CSLS measure the similarity between two words (from different language). We can see that, only $Wx_s$ and $y_t$ being close is not enough, the similarity will also be penalized by the hubness of $s$ and $t$. This prevent that some word can be the nearest neighbor of multiple words.

validation criterion

Another novelty of this paper is they propose a validation criterion for model selection and early stopping.

Some paper will use labeled data for validation, and choose the hyperparameter or early stop according to the validation result. The problem is, in this way it’s implicitly fitting the labeled data in some way.
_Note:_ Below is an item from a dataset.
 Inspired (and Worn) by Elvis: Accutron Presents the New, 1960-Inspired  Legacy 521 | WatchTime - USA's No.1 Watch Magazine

The criterion proposed in this paper is: pick the 10k most frequent words from source domain, find their nearest neighbor according to CSLS, and calculate the mean cosine distance of these 10k pairs. They found the criterion is correlated with word translation accuracy, so later they use this for hyperparameter tuning and early stopping.

##Experiment Since CSLS is only a distance metric, it can be also applied to supervised method. We can see that CSLS can improve both supervised and unsupervised method compared to naive nearest neighbor. And there is only one hyperparameter K to choose for CSLS, and they found choosing K to be 5, 10, 50 doesn’t affect the result.

pretrained embedding: the authors both cbow embedding and fasttext embedding and fasttext is significantly better.

refinement: After GAN training, the model can do reasonably well but still worse than supervised method. However, after using refinement, the model can be closer or even beats supervised method.

##Conclusion It’s actually trivial to use the idea of GAN, however, it’s more important how to make things work.

[1] Mikolov, Tomas, Quoc V. Le, and Ilya Sutskever. “Exploiting similarities among languages for machine translation.” arXiv preprint arXiv:1309.4168 (2013).

[2] Xing, Chao, et al. “Normalized Word Embedding and Orthogonal Transform for Bilingual Word Translation.” HLT-NAACL. 2015.